GIVEN RECORDS:
=== Begin Enclosure ===
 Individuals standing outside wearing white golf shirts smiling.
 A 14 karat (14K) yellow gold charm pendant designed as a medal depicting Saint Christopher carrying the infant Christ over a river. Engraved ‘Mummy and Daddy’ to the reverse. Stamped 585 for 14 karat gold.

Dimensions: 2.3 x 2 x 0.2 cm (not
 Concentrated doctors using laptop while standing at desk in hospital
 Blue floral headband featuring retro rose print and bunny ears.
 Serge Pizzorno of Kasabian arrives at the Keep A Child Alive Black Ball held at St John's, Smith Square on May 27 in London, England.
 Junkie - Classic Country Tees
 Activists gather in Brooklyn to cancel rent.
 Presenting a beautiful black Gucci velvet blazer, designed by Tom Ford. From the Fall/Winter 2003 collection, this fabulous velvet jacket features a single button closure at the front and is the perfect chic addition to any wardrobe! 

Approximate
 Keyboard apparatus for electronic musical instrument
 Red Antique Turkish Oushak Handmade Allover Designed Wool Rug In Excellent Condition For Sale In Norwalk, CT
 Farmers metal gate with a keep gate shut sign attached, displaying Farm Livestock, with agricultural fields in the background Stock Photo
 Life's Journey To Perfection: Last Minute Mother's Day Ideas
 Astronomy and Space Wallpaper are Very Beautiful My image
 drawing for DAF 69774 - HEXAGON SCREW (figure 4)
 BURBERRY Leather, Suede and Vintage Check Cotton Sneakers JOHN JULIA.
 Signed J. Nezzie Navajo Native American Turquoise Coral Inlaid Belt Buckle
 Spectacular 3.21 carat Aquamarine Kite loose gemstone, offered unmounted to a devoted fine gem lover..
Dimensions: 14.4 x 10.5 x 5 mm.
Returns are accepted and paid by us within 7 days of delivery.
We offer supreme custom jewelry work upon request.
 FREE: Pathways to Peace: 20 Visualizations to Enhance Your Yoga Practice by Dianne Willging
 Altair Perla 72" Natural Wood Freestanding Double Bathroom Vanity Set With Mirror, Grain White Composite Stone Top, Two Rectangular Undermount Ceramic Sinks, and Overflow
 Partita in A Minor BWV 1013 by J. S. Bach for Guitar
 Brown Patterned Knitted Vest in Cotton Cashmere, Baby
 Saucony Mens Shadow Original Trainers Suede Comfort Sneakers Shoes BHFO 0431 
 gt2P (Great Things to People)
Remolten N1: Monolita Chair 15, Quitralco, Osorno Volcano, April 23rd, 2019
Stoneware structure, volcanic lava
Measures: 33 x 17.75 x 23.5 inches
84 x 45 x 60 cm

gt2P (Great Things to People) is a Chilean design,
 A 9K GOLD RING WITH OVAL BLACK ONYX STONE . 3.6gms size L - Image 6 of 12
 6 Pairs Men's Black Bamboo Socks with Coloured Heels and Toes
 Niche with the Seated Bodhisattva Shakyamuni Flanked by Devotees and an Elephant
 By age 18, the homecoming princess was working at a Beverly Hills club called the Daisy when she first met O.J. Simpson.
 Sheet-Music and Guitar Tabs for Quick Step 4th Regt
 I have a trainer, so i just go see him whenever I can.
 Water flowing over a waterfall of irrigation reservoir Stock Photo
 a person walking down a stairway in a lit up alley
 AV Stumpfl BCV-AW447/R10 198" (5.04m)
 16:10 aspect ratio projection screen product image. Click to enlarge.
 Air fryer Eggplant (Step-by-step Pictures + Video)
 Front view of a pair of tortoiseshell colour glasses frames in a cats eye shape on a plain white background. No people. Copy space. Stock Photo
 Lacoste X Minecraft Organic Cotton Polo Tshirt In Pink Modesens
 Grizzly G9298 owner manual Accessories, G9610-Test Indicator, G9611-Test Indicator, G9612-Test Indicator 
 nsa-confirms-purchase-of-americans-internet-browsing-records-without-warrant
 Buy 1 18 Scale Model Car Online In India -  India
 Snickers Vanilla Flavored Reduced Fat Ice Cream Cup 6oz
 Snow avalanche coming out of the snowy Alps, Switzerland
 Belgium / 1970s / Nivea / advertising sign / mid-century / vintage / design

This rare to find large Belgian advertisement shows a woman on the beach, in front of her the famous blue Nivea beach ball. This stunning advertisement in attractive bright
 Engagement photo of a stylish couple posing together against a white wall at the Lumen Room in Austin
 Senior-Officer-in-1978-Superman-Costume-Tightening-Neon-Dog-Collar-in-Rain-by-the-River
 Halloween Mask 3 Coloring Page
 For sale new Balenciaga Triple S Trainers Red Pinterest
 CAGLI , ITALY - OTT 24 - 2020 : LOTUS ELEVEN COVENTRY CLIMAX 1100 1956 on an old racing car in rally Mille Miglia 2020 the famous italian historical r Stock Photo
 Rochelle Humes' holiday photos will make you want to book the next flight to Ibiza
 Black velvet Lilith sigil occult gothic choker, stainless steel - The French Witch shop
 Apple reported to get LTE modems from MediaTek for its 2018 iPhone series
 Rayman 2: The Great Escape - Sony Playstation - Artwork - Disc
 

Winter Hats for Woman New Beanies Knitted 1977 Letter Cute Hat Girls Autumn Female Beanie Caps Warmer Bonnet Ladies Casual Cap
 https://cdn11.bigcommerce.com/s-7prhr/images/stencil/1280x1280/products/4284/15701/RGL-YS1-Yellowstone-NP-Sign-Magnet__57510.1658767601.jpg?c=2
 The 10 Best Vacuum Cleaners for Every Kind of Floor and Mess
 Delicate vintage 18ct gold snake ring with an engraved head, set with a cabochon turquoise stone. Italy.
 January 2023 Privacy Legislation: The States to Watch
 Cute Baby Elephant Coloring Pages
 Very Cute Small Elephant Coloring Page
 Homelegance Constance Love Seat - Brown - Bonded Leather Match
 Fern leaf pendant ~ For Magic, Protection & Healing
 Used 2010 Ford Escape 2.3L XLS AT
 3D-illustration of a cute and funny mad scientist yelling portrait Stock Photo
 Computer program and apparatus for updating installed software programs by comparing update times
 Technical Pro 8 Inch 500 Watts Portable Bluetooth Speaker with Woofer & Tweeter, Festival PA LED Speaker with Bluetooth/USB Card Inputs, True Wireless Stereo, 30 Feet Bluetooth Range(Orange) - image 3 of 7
=== End Enclosure ===
ABOUT THIS TASK:
Print exactly the lines above from the one with "Blue floral headband" to the one with "Activists gather in Brooklyn to cancel rent.", including both.

RESULT OF THIS TASK:
 Blue floral headband featuring retro rose print and bunny ears.
 Serge Pizzorno of Kasabian arrives at the Keep A Child Alive Black Ball held at St John's, Smith Square on May 27 in London, England.
 Junkie - Classic Country Tees
 Activists gather in Brooklyn to cancel rent.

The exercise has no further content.